Final Answer:
The Kₐ for the monoprotic acid is 4.00 x 10⁻⁴.
Step-by-step explanation:
In order to calculate the Kₐ for the monoprotic acid, we first need to determine the concentration of hydronium ions ([H₃O⁺]) in the solution. The pH of the solution is given as 2.80, which means the concentration of [H₃O⁺] is 10⁻².⁸⁰ M. Since the acid is monoprotic, this also represents the concentration of the acid ion (HA).
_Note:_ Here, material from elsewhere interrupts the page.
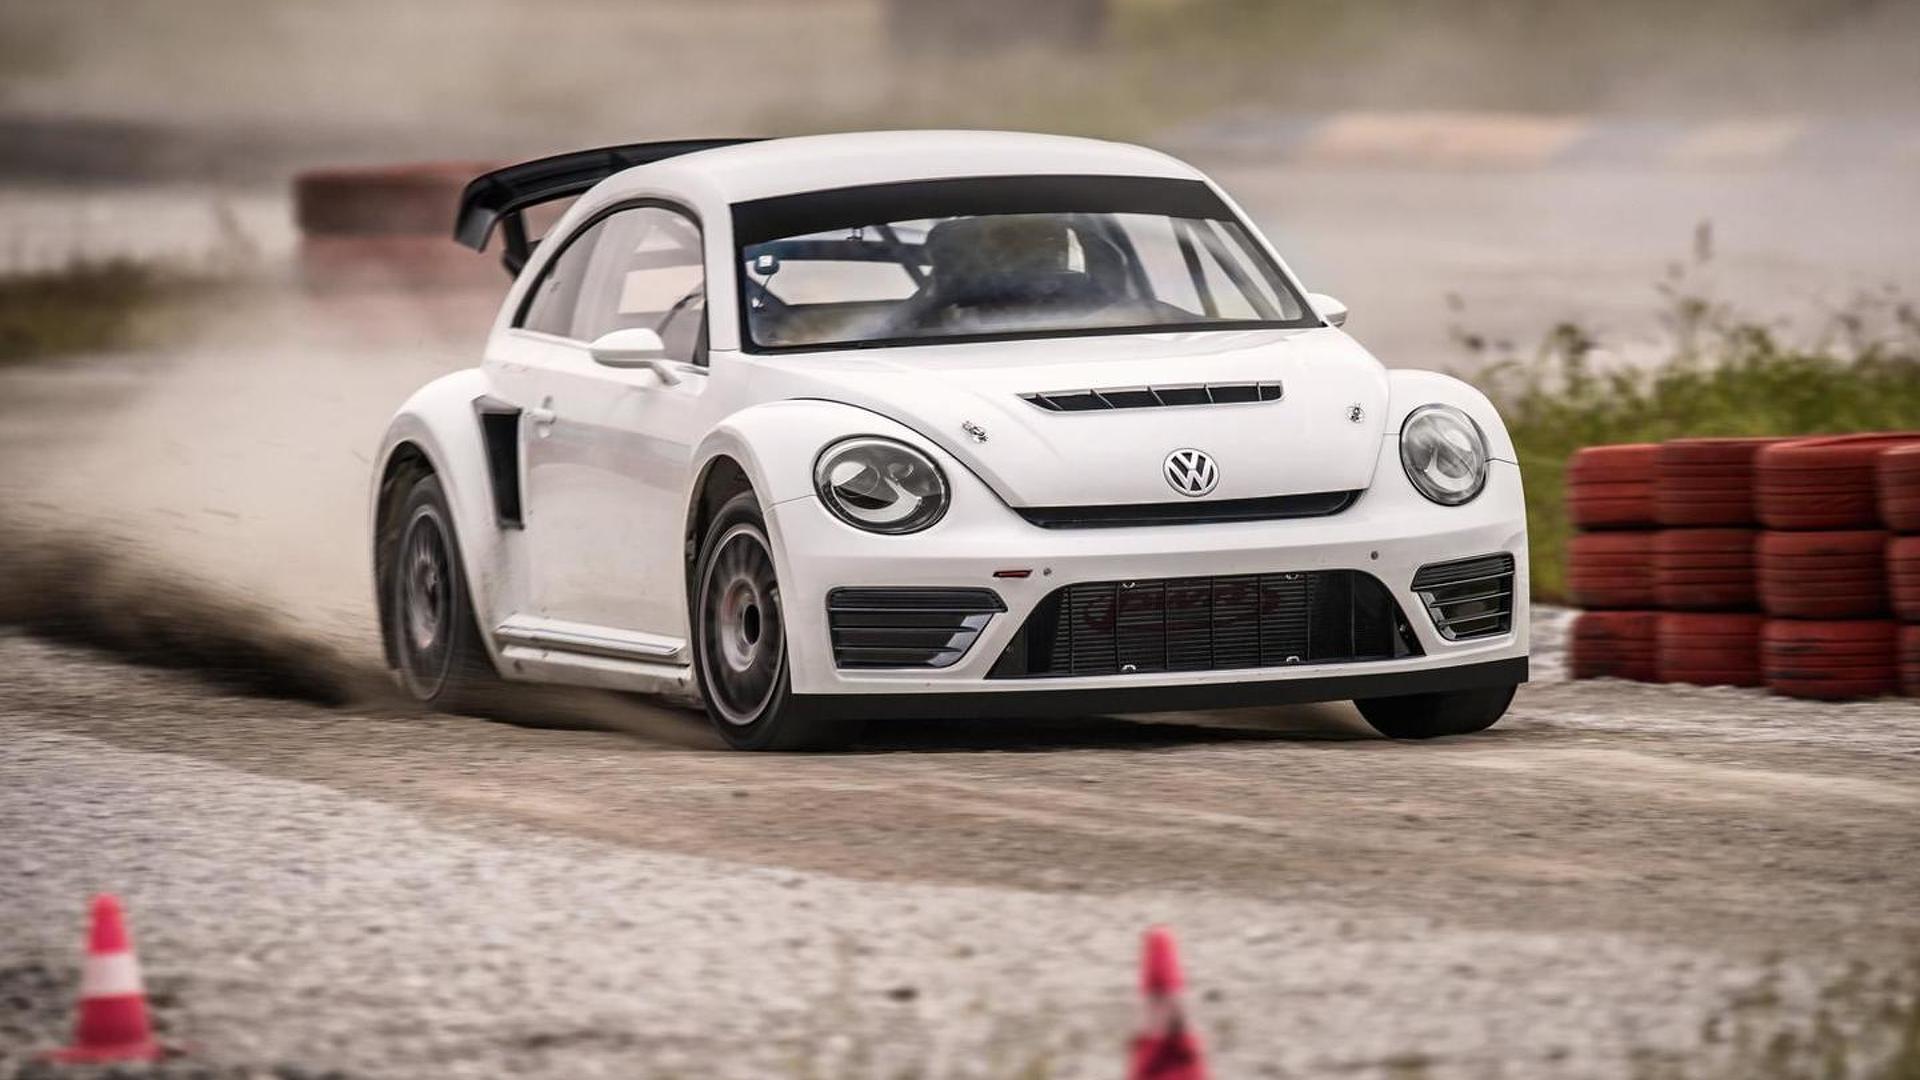 Ралли-кросс Volkswagen Beetle GRC 2014 года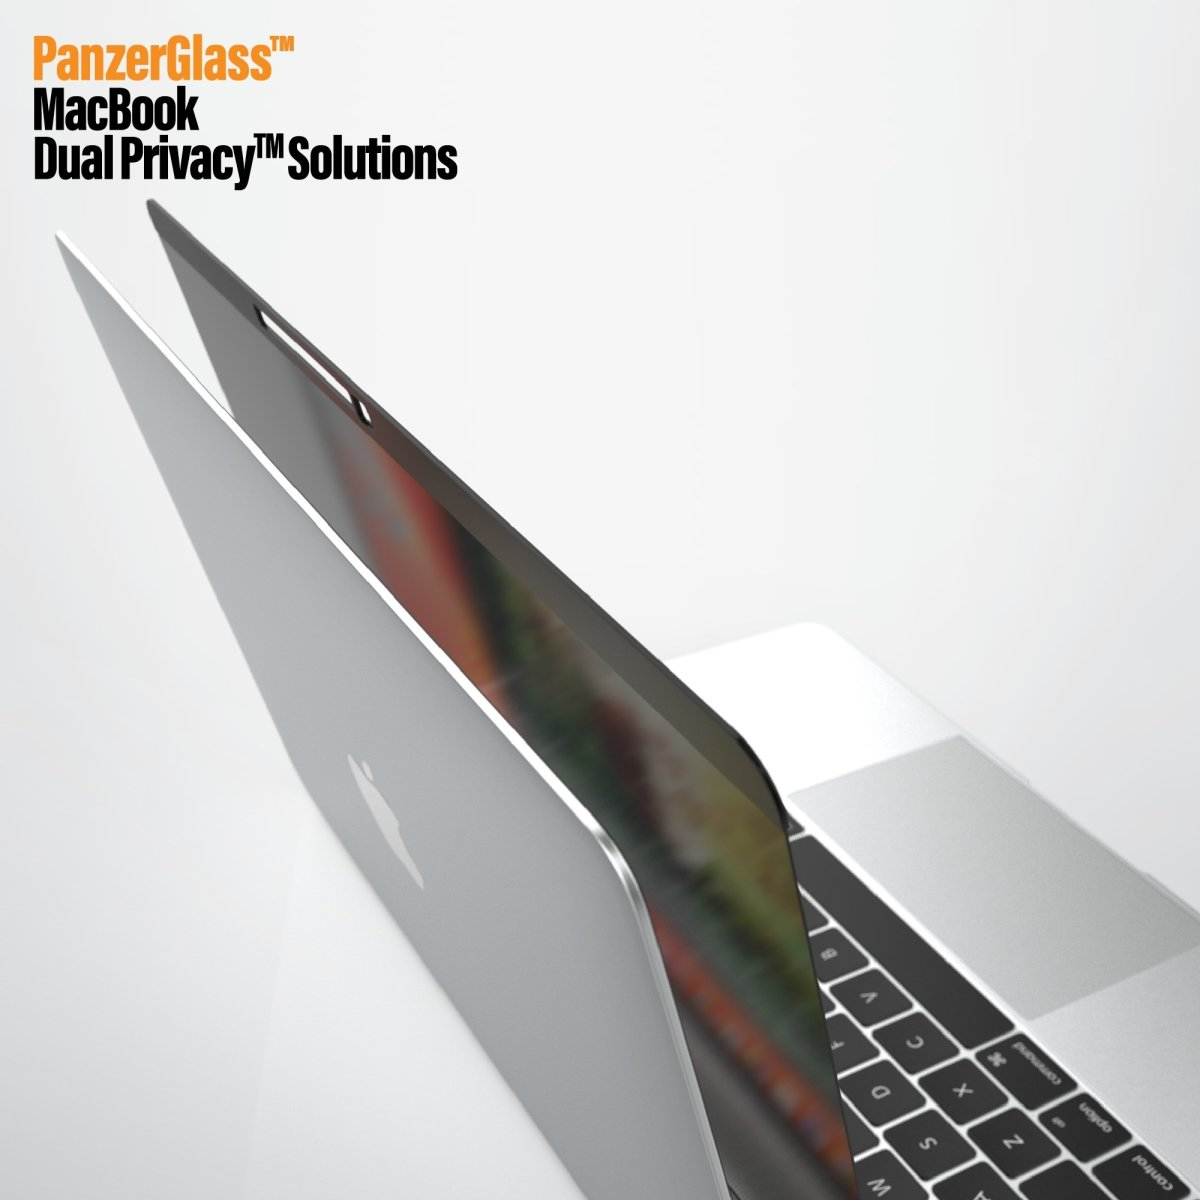 PanzerGlass Magnetisk Privacy til 12'' MacBook

The equilibrium expression for the dissociation of a weak monoprotic acid (HA) in water is given by Kₐ = [H₃O⁺][A⁻] / [HA]. Since the acid is monoprotic, [A⁻] is equal to the concentration of [H₃O⁺], which is 10⁻².⁸⁰ M. The concentration of HA is given as 1.28 M. Substituting these values into the equilibrium expression, we get:
Kₐ = (10⁻².⁸⁰)² / (1.28 - 10⁻².⁸⁰)
Simplifying this expression gives the final answer for Kₐ as 4.00 x 10⁻⁴.
This result indicates that the acid is a weak acid, as Kₐ is small. The smaller the Kₐ, the weaker the acid. It's important to note that the pH and Kₐ are related in a logarithmic manner – a small change in pH corresponds to a large change in acidity. Therefore, the given pH of 2.80 implies a relatively high concentration of hydronium ions, resulting in a low Kₐ value for the weak acid.